Adrian patted Kaitlyn on the back as folks nearby booed. Then he laughed, wished us a good trip, and sauntered off, megaphone and amplifier in hand. This weekend of shenanigans was what had brought us to Australia (specifically Kaitlyn getting free airfare to Oz by winning the Whiskey Off-Road singlespeed race in our hometown of Prescott), but it was a bikepacking adventure that was going to keep us there for two weeks more. Or so we thought. But we weren’t about to tackle a rugged traversal of the Australian Alps on singlespeeds. We borrowed some tools at the race to put gears back on our Redpoints, and eagerly headed their direction. Our planned route was the Bicentennial National Trail, a long horsepacking route that traverses the Alps and beyond. We’d follow that as far as Canberra, and then we’d hop over to New Zealand to meet Eszter Horanyi and Scott Morris for some more bike exploration.
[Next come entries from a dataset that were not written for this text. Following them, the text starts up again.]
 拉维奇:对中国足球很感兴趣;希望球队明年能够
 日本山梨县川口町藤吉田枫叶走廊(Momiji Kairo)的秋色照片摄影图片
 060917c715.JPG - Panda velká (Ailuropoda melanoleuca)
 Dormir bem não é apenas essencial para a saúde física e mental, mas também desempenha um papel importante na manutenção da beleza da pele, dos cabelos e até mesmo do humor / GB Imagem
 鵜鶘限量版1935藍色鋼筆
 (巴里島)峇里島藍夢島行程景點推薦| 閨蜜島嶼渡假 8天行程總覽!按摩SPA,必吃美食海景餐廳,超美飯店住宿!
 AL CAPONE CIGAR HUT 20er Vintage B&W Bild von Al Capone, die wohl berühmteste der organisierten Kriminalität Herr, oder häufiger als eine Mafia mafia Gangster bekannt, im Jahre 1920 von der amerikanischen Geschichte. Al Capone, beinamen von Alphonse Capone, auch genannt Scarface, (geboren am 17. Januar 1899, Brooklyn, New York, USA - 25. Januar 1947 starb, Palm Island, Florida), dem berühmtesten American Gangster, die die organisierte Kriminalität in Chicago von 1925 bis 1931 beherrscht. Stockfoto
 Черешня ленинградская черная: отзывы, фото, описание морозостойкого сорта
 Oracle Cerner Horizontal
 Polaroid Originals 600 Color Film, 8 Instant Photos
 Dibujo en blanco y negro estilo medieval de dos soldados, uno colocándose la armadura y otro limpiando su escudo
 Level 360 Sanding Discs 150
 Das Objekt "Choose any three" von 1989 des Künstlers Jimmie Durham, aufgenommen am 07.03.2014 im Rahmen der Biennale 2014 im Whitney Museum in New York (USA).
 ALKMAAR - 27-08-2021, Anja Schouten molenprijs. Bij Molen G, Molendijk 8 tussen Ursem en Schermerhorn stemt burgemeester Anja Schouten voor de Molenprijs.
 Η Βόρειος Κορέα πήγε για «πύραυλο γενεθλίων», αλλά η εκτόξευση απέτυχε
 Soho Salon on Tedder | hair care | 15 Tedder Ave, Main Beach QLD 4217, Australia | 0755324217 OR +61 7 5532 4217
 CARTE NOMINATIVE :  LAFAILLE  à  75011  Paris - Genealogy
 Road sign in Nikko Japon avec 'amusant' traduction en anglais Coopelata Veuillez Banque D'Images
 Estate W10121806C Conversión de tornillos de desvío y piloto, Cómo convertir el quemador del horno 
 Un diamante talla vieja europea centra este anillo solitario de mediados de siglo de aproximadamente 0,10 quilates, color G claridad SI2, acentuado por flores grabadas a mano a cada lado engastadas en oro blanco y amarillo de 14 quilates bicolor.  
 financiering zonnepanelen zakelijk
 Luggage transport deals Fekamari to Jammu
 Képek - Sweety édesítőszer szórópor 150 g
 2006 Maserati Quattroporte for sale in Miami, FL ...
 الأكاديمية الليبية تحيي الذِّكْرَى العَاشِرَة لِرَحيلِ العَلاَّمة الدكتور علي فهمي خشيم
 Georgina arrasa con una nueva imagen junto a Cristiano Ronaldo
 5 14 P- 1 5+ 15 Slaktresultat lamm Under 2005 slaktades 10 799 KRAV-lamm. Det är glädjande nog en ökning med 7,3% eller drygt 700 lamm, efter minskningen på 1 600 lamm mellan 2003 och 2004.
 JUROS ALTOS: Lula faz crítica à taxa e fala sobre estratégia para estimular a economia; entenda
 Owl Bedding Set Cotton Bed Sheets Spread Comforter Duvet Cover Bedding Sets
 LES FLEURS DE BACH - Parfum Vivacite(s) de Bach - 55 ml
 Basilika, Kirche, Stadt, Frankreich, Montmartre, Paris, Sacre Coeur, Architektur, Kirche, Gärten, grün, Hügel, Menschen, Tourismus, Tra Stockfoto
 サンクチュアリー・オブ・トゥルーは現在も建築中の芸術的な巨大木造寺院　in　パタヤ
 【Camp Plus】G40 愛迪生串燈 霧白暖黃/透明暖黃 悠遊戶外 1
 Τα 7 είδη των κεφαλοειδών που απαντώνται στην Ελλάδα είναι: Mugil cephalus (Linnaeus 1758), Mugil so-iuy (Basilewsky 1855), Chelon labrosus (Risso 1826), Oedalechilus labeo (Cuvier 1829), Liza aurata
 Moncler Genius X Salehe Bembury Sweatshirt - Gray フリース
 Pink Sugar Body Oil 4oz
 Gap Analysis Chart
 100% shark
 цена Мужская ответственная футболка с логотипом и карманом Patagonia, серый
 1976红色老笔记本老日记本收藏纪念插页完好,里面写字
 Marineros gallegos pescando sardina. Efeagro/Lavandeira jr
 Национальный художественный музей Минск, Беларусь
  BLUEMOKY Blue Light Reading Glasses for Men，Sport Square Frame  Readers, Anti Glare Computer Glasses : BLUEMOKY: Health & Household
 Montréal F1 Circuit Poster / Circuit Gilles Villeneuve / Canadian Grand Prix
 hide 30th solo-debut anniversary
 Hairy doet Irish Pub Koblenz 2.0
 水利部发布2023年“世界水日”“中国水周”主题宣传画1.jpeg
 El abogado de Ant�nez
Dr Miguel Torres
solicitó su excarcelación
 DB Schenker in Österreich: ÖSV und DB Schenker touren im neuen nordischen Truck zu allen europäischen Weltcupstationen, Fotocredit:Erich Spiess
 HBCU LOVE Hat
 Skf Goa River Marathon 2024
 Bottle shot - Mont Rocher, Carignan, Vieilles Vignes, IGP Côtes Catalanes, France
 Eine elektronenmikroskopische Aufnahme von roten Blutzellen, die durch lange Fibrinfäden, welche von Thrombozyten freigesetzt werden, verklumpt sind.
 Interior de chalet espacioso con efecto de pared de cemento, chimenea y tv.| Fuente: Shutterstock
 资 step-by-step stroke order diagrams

But, not all adventures go even remotely as planned. After a few days on the National Trail, it was clear that we wouldn’t even come close to making it to the Canberra airport in our allotted time. A recent tornado had decimated the first part of the trail. Then tens of miles of riding through sprawling burn areas meant hopping massive downed eucalyptus trees every few hundred meters. Then couple that with the steep mountain tracks that seem to never use switchbacks.

What ensued was a frustrated Kurt and Kaitlyn staring at maps high in the mountains, trying to come up with a new plan. Then there was disappointed Kurt riding out of the mountains, followed by overly stressed Kurt trying to cope with suddenly being in downtown Melbourne waiting for a train to head farther north. Next was relieved Kurt after bumping into Adrian in a coffee shop and getting some very helpful route advice from him. And the day ended with exhausted Kurt, stumbling off a train at midnight in some unknown town, trying to find a tree to sleep under. I don’t think I made a particularly good travel partner on that day.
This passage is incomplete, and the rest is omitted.